Unequal variances, Welch test, Tryon adjustment, and superb

When the group’s variances are heterogeneous, it may results in error bars of differing length. It is then possible than one of the error bar includes the other mean, but that the second error bar does not. What can we conclude in such circumstances? This vignette explores this questions, examining Welch test solution, and Tryon adjustment along the way.

A simple example

Consider this example where two groups have been examined. Herein, the sample sizes are equal, but what follows does not depends on this.

grp1 <- c( 56,  54,  73,  46,  59,  62,  55,  53,  77,  60,  69,  66,  63, 
           62,  53,  82,  74,  70,  65,  70,  72,  65,  56,  58,  83)
grp2 <- c( 51,  99, 194, 123,  40,  83,  87, 117,  46,  89,  61,  81,  53, 
          141,  52,  53,  39,  96,  14,  81,  63,  66,  80, 113,  82)

These two groups have means of 64.12 and 80.16. However, they also have quite differing standard deviations, 9.493 and 37.918. The second is over four times larger than the first, which denotes a very heterogeneous variance situation.

Let’s reunite the scores of these two datasets in a single data frame with a group indicator so that we can do a first plot:

dtaHetero <- data.frame( cbind(
    id    = 1:(length(grp1)+length(grp2)),
    group = c(rep(1,length(grp1)), rep(2, length(grp2)) ),
    score = c(grp1, grp2)
))
head(dtaHetero)
##   id group score
## 1  1     1    56
## 2  2     1    54
## 3  3     1    73
## 4  4     1    46
## 5  5     1    59
## 6  6     1    62

(just to make the plots look nicer, I prepare some directives that will be added to these:

library(superb)             # to make the summary plot
library(ggplot2)            # for all the graphic directives
library(gridExtra)          # for grid.arrange

ornate = list(
    xlab("Difference"), 
    scale_x_discrete(labels=c("Pre-\nTreatment","Post-\nTreatment")),
    ylab("Score"),
    coord_cartesian( ylim = c(40,+110) ),
    theme_light(base_size = 10) +
    theme( plot.subtitle = element_text(size=16))
)

). We are now ready to make a first plot. The adjustment purpose = "difference" is necessary as we plan to compare the two results.

pt <- superb(
            score ~ group,
            dtaHetero, 
            adjustments = list(purpose = "difference"),
            gamma       = 0.95,
            statistic   = "mean", 
            errorbar    = "CI",
            plotStyle   = "line",
            lineParams  = list(alpha = 0) #the line is made transparent
) + ornate
pt
Figure 1. Plot of dtaHerero showing heterogeneous error bars.
Figure 1. Plot of dtaHerero showing heterogeneous error bars.

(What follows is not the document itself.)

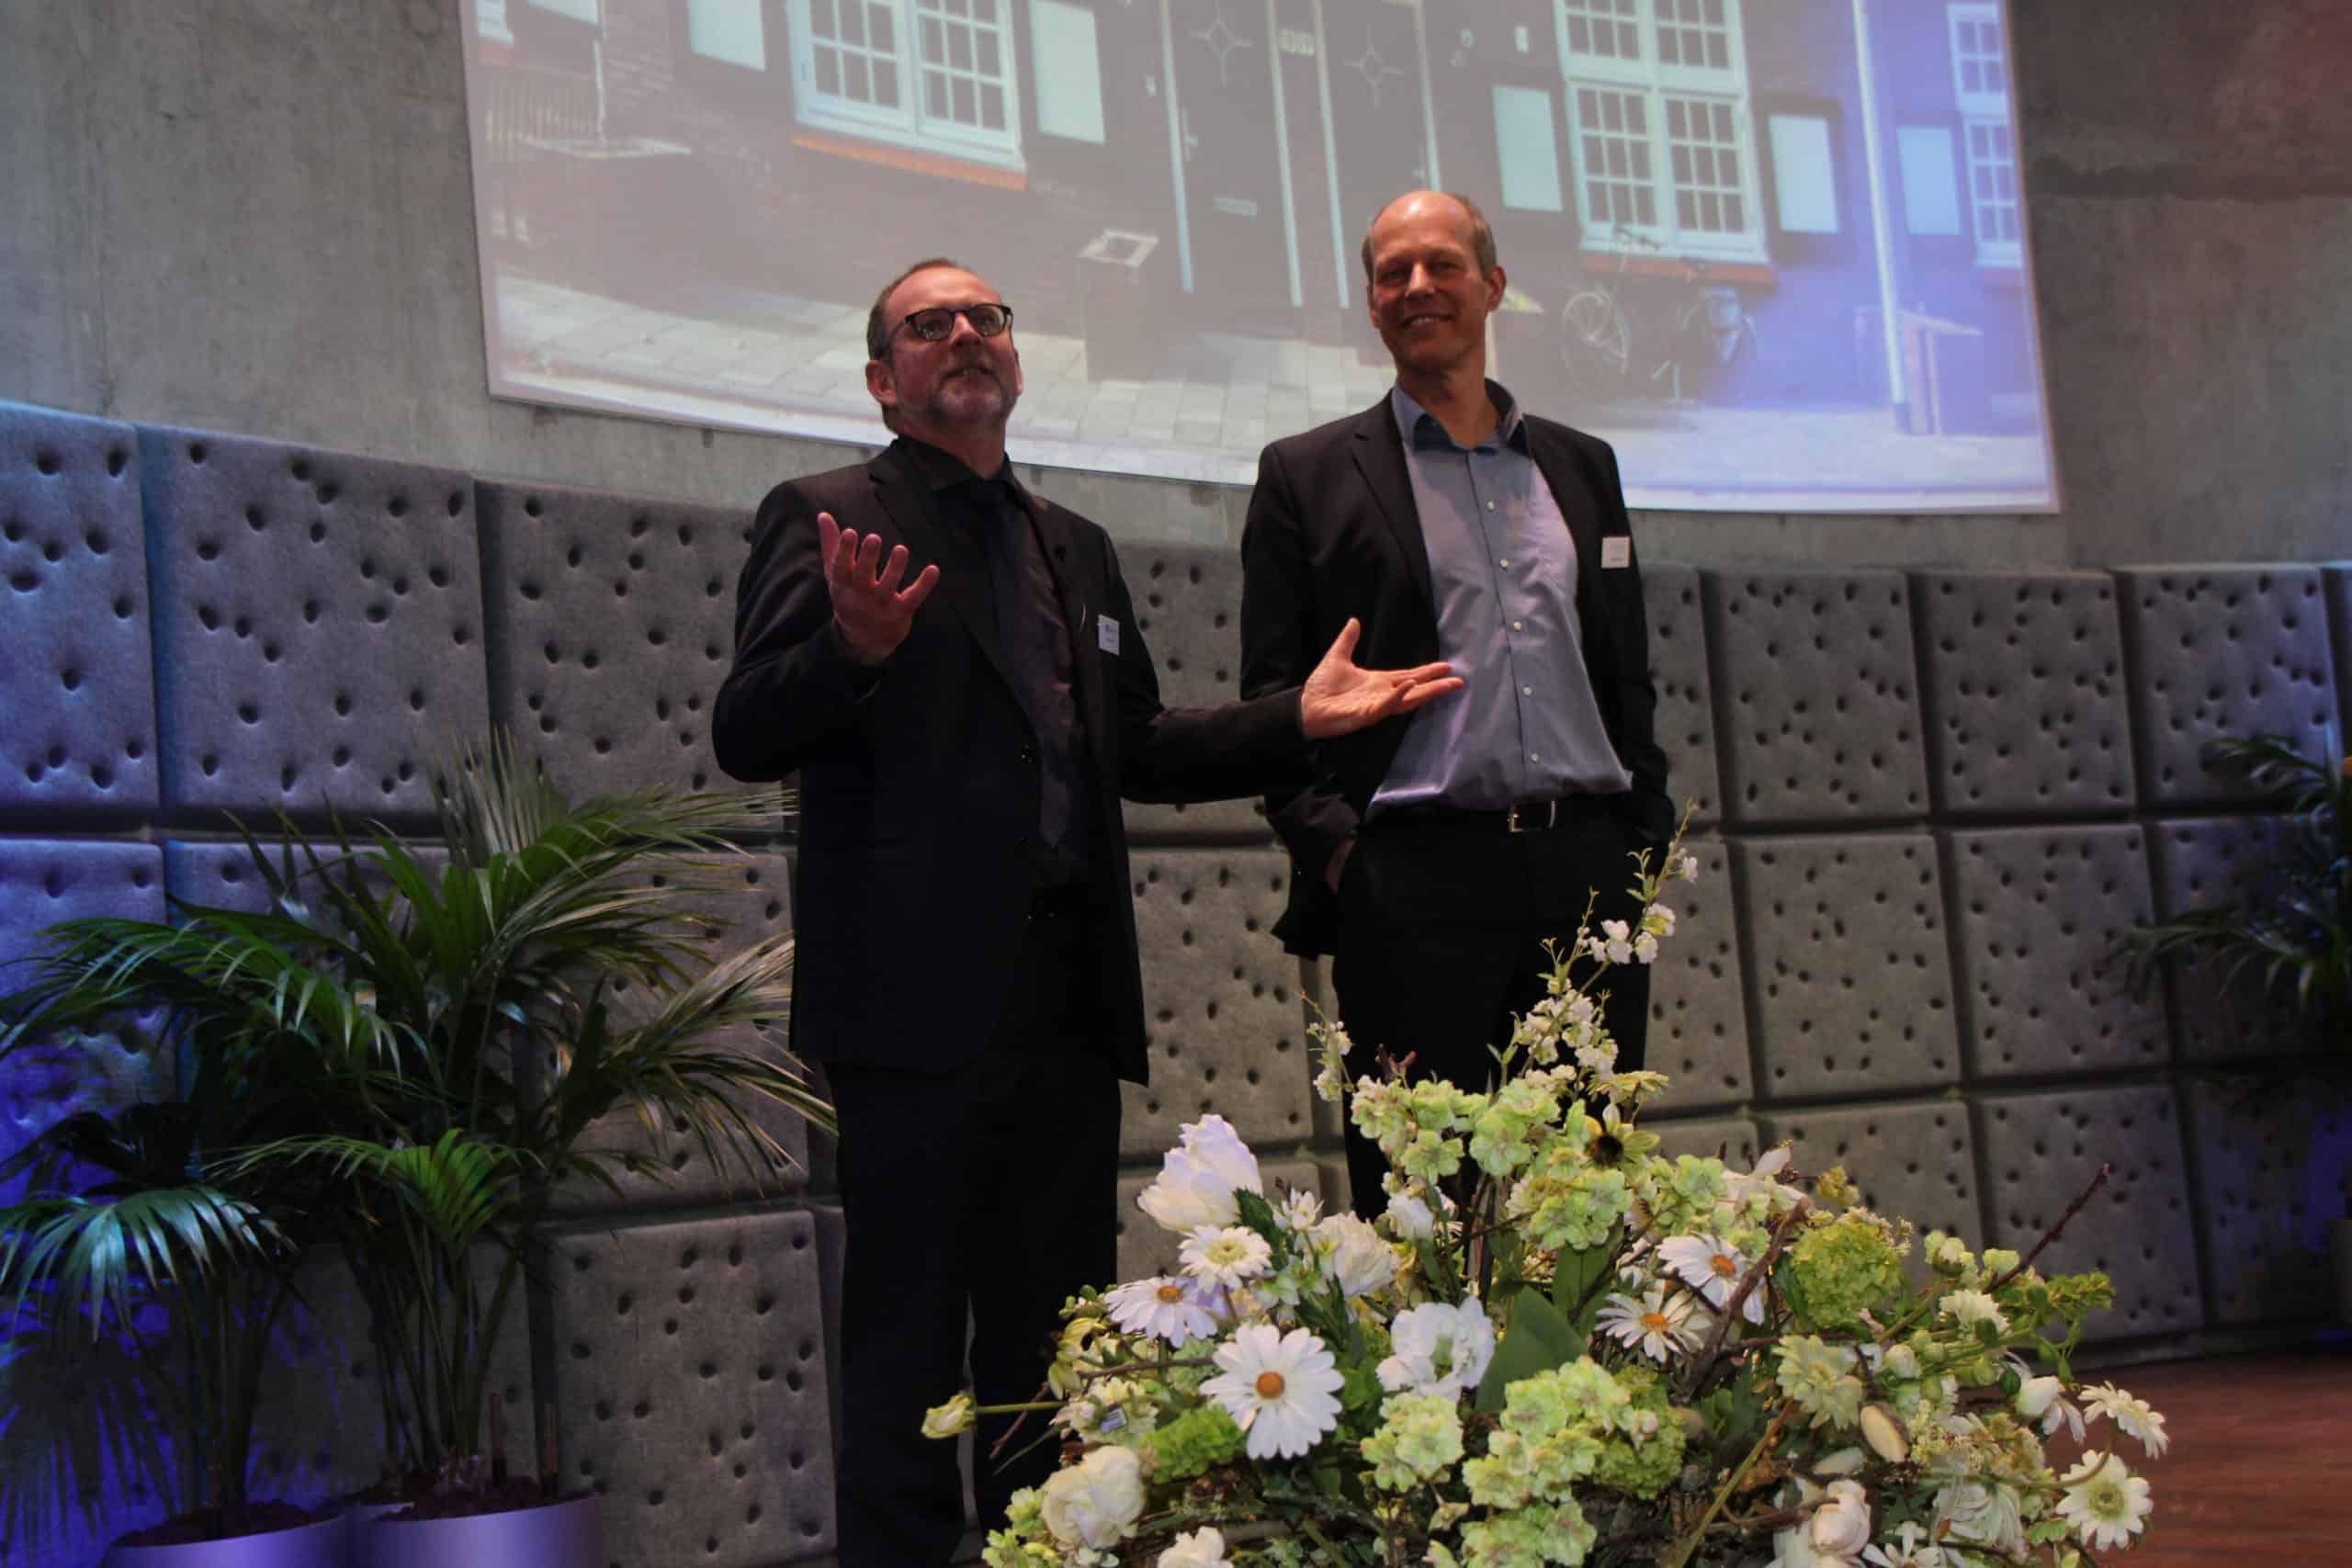 Symposium-Er-gebeurt-iets-moois-in-Zwolle-vragenbeantwoorden-1-scaled
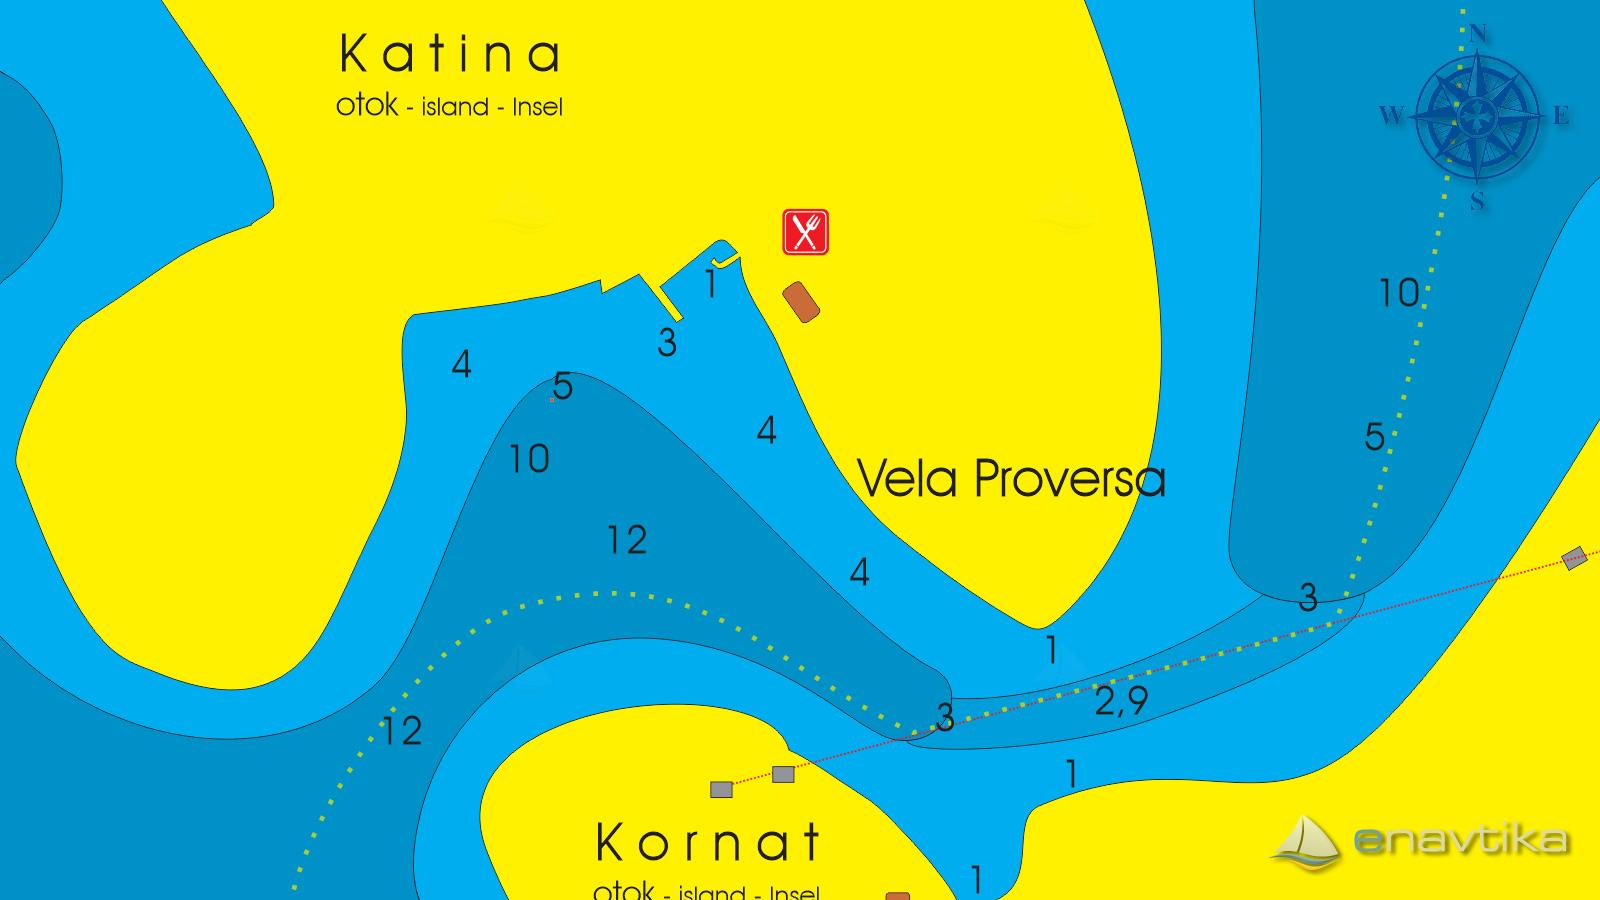 Slika Vela Proversa 2

As seen, the two error bars deliver a different message: the left one suggests a huge difference between the means, the right one does not. How do we settle this?

Averaging the error bars, sort of…

Error bars are depiction of an error variance. However, they are actually based on the standard errors which are the square root of the error variances.

Standard errors cannot be sumed (or averaged), only error variances can. Thus, when averaging the two error bars, it is their squares that must be averaged (followed by a square root). This operation is called the mean in the square sense. It is denoted mean* hereafter.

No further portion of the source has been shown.